→ **Activity**: Copy out every line of the material below, character for character, apart from the pictures.

→ **Recorded information**:
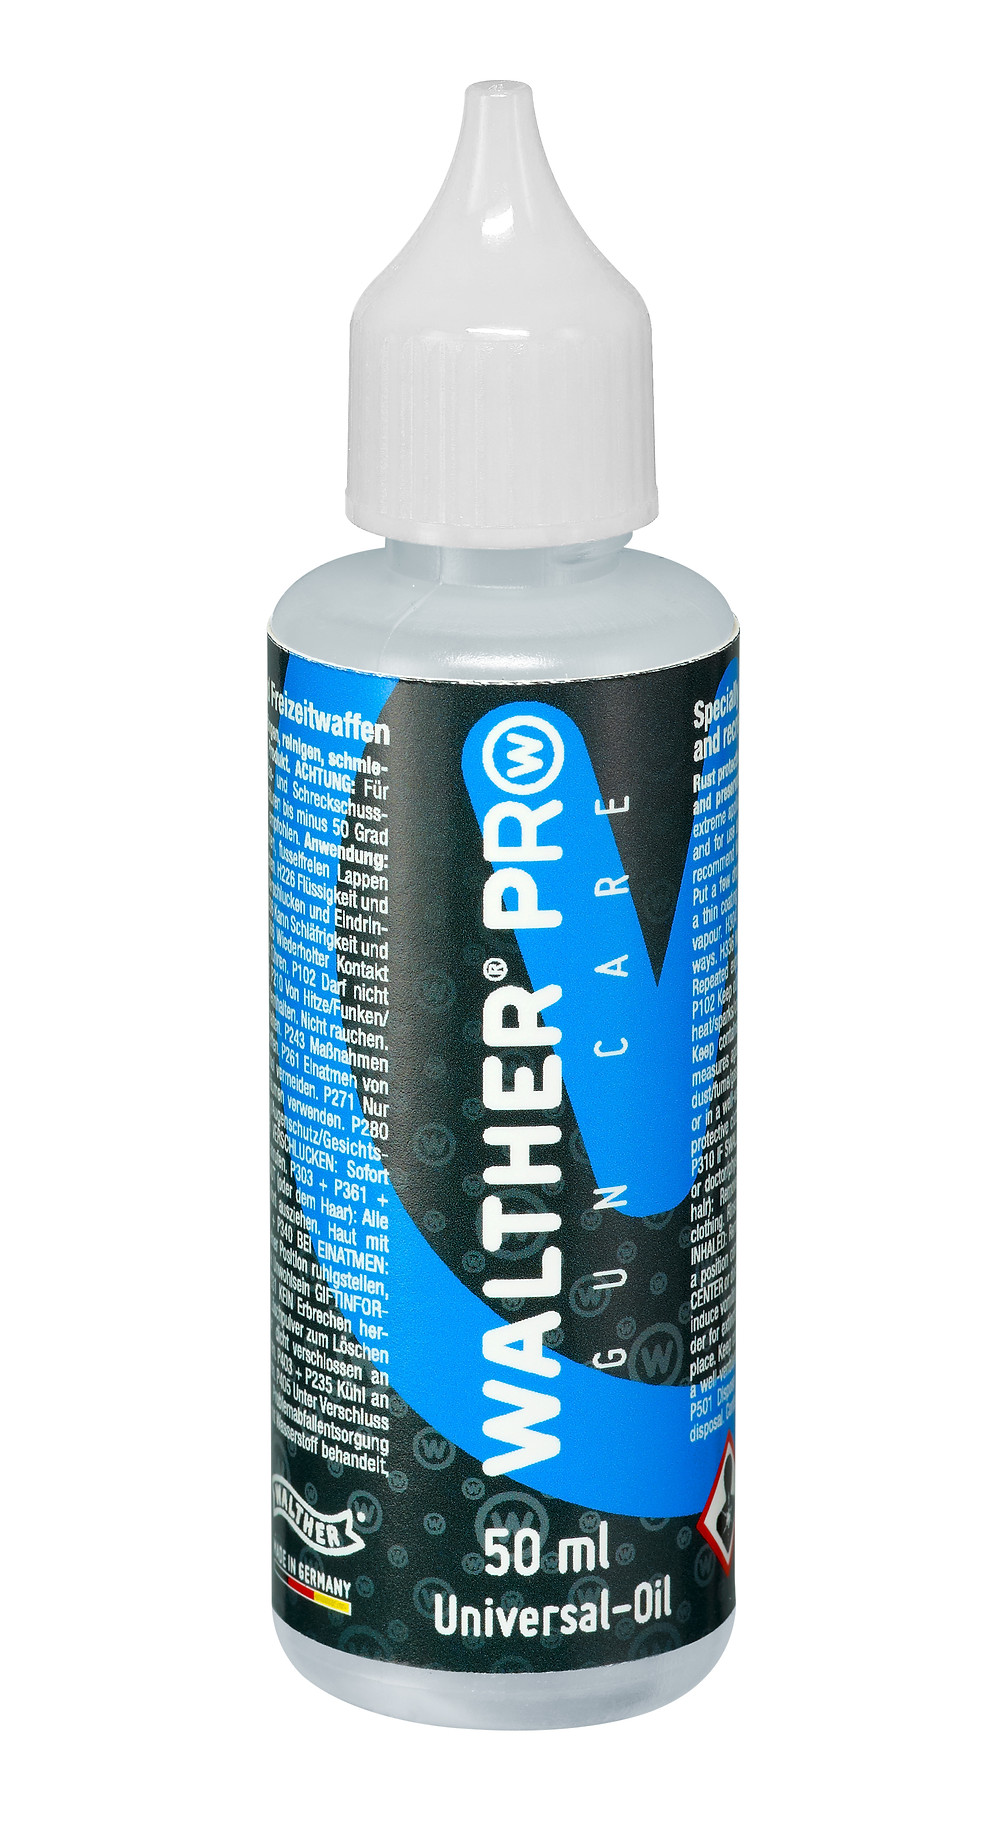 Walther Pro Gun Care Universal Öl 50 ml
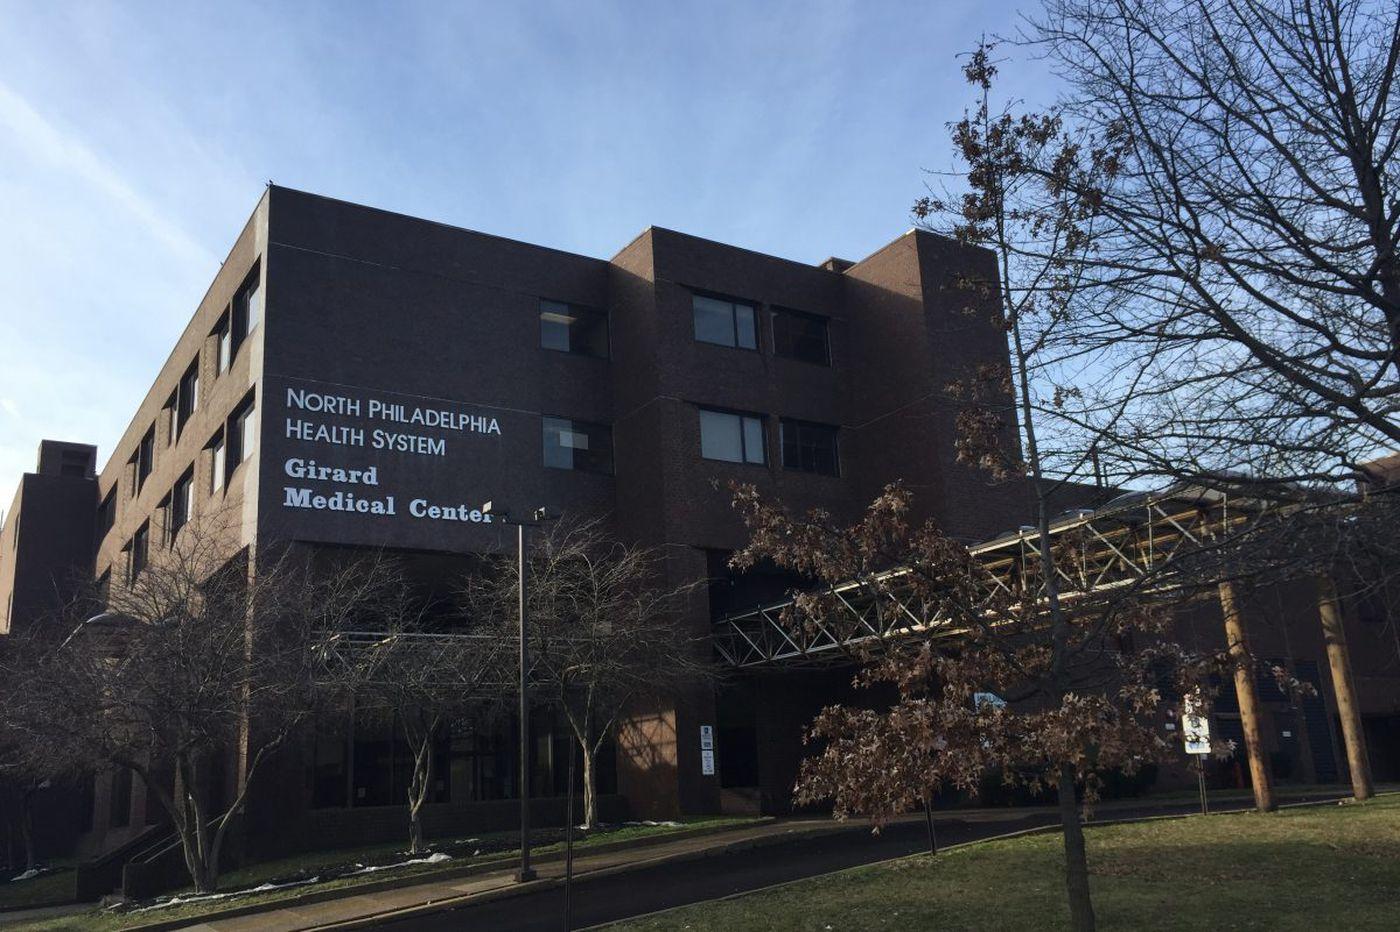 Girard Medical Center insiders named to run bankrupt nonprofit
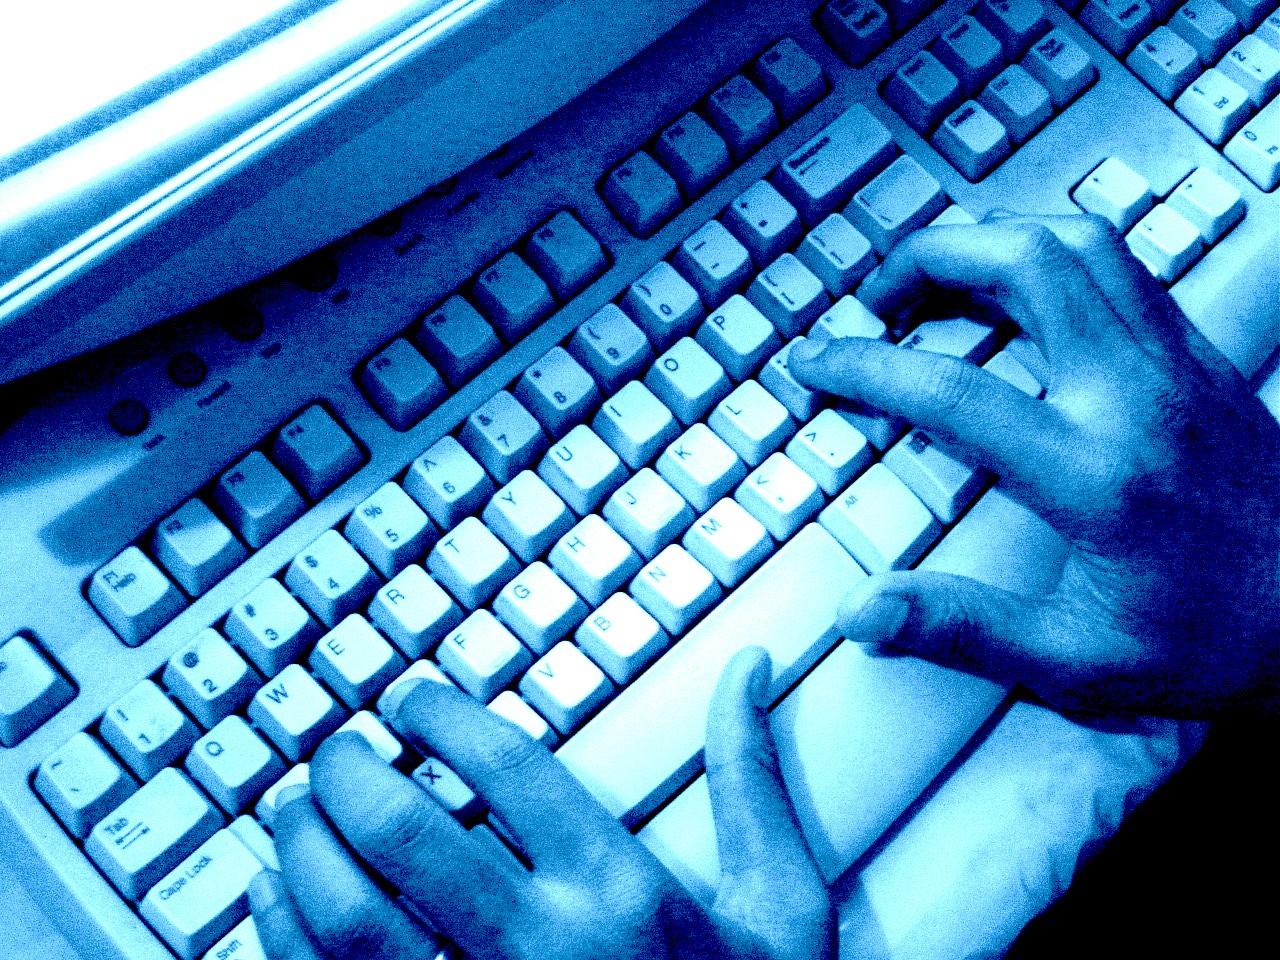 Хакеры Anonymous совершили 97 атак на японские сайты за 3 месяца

→ **Answer below**:
 Walther Pro Gun Care Universal Öl 50 ml
 Girard Medical Center insiders named to run bankrupt nonprofit
 Хакеры Anonymous совершили 97 атак на японские сайты за 3 месяца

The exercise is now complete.